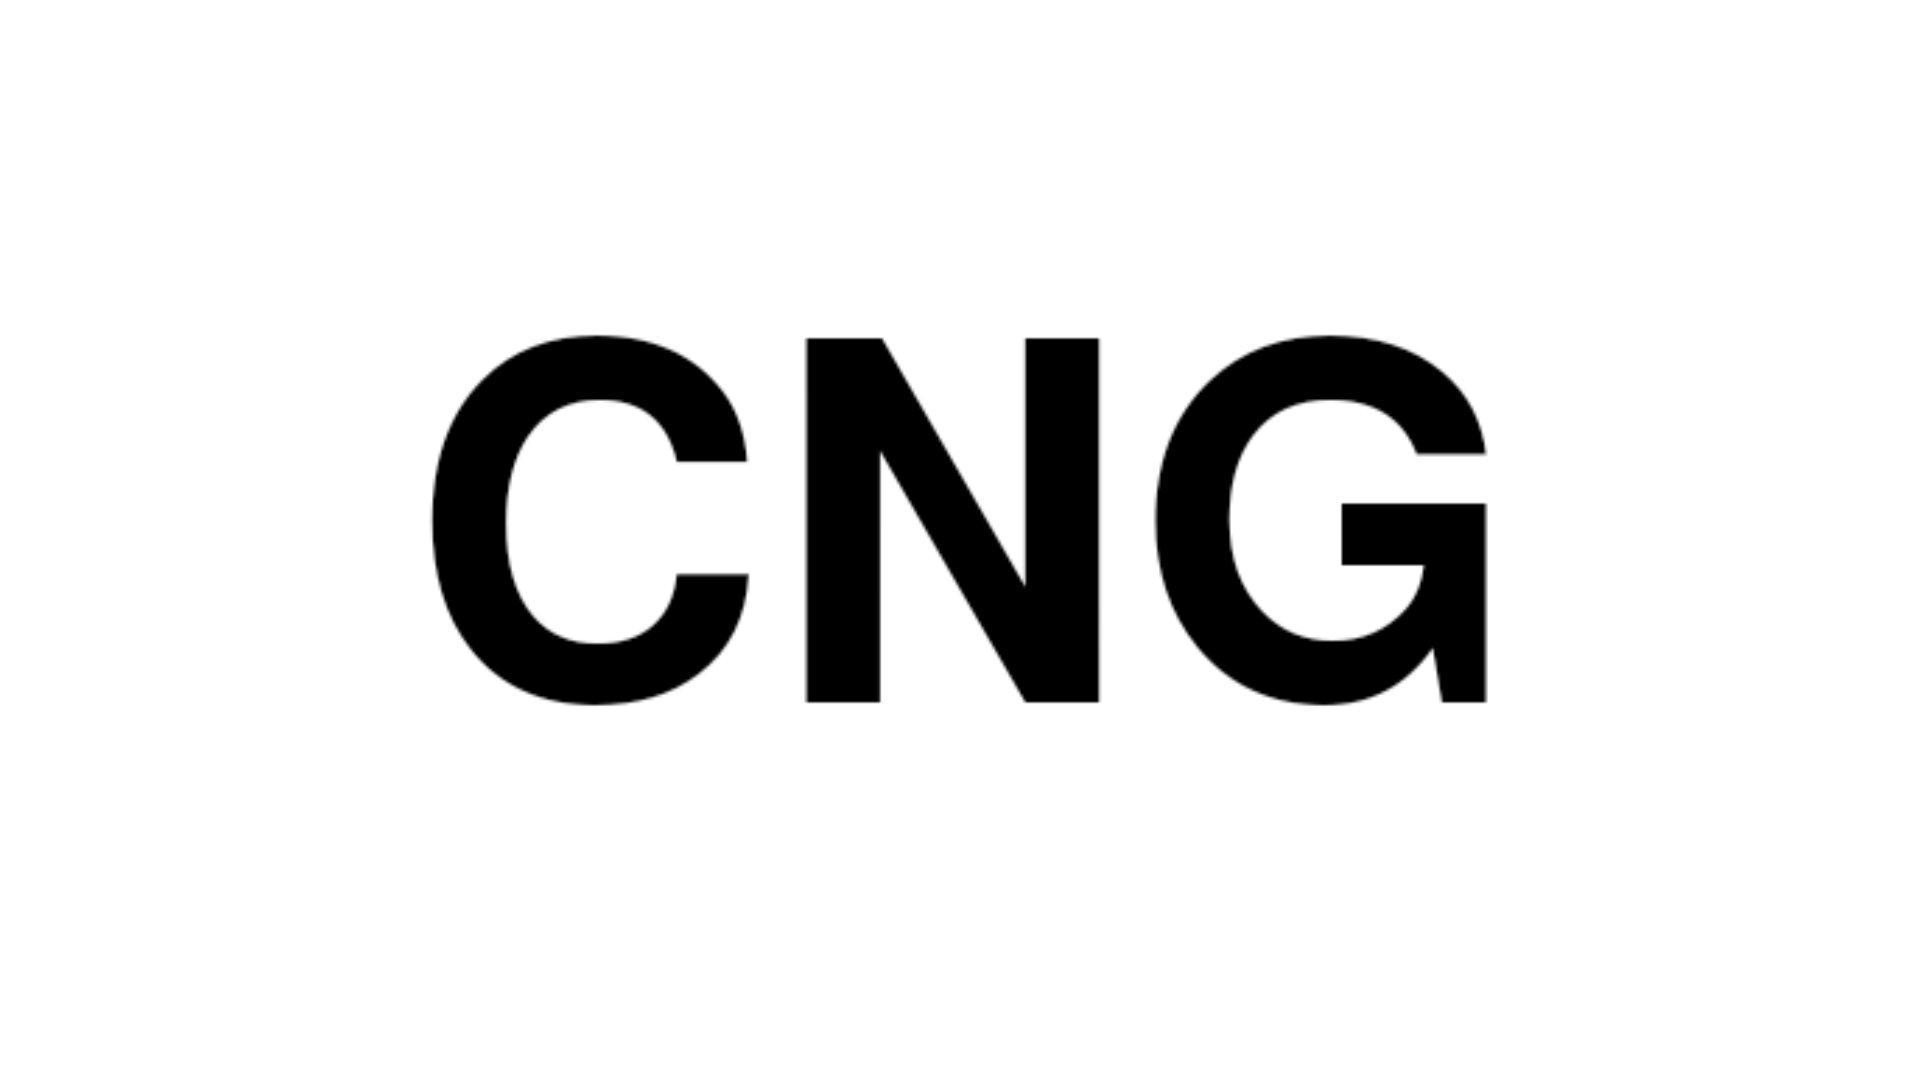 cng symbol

- - - - - - -

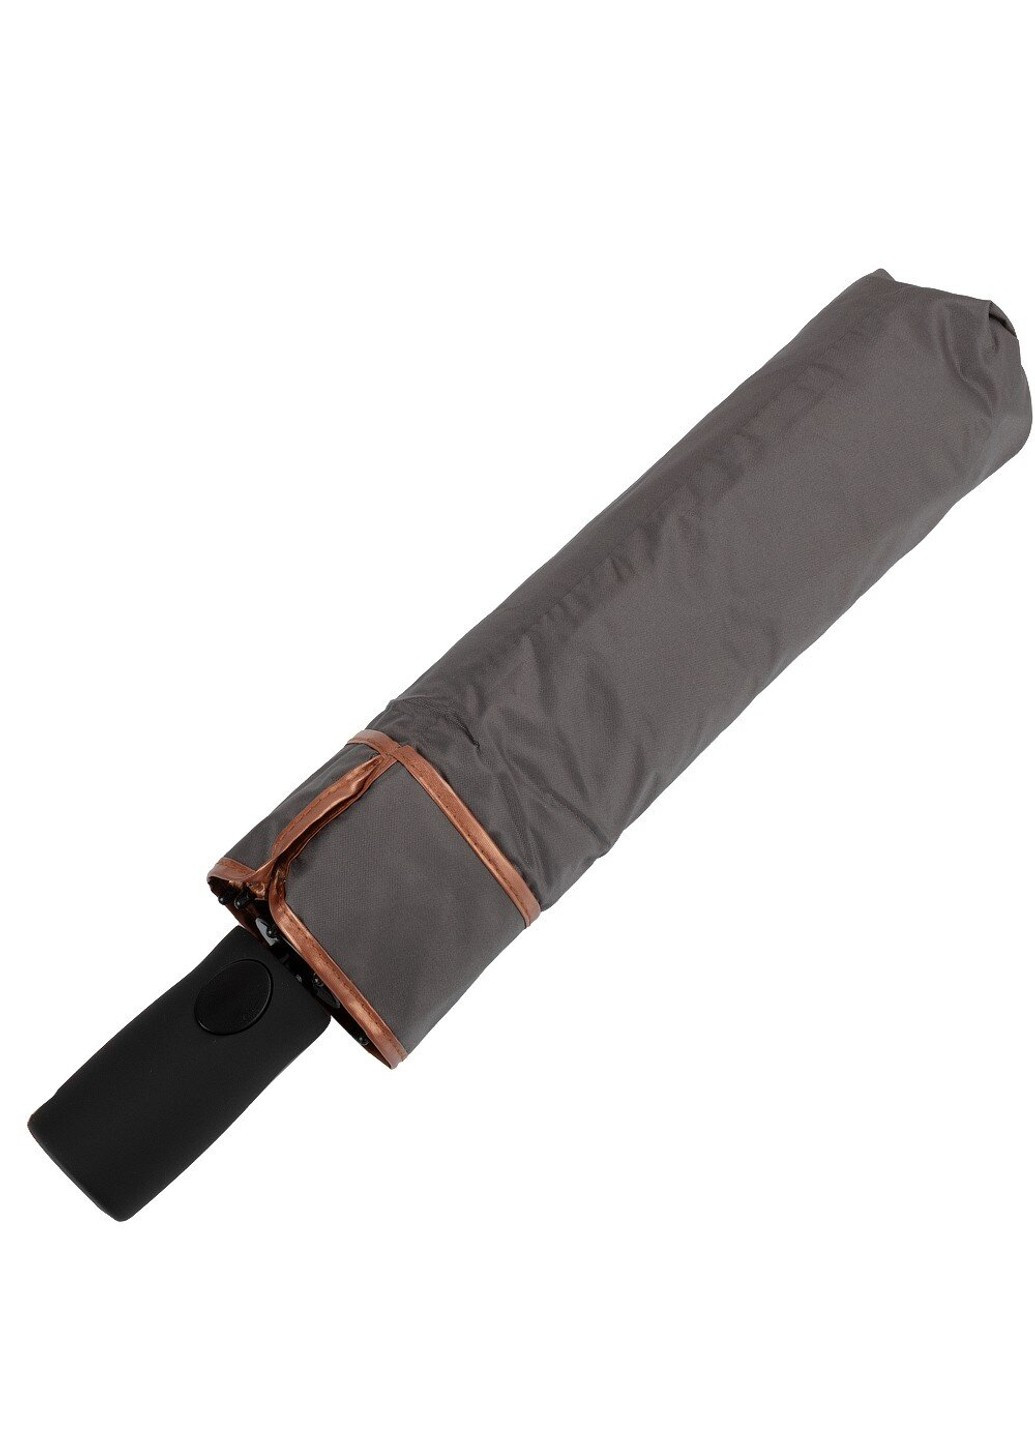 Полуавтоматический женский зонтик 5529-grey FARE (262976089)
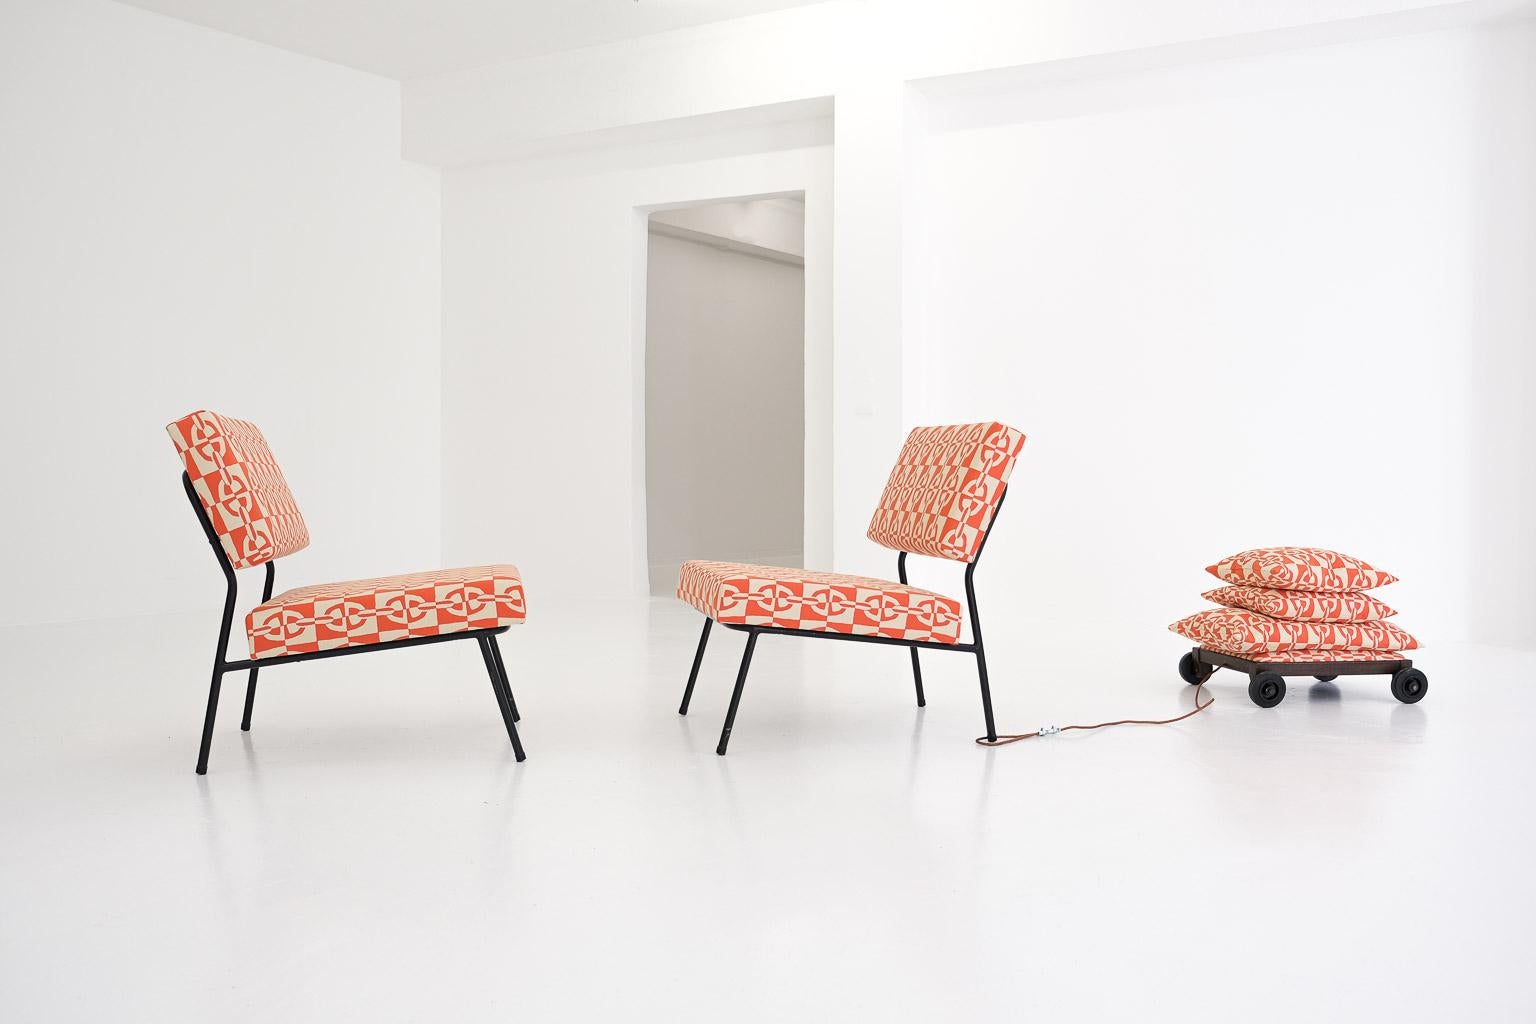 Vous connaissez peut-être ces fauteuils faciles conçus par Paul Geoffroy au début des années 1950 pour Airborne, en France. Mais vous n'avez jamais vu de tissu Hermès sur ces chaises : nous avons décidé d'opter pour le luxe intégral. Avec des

- - - - - - -

- _What the task requires_
What is wanted is an exact copy of the lines above from the one containing "Полуавтоматический женский зонтик" through the one containing "Vous connaissez peut-être", with no pictures in it.

- _Finished exercise_
 Полуавтоматический женский зонтик 5529-grey FARE (262976089)
 Vous connaissez peut-être ces fauteuils faciles conçus par Paul Geoffroy au début des années 1950 pour Airborne, en France. Mais vous n'avez jamais vu de tissu Hermès sur ces chaises : nous avons décidé d'opter pour le luxe intégral. Avec des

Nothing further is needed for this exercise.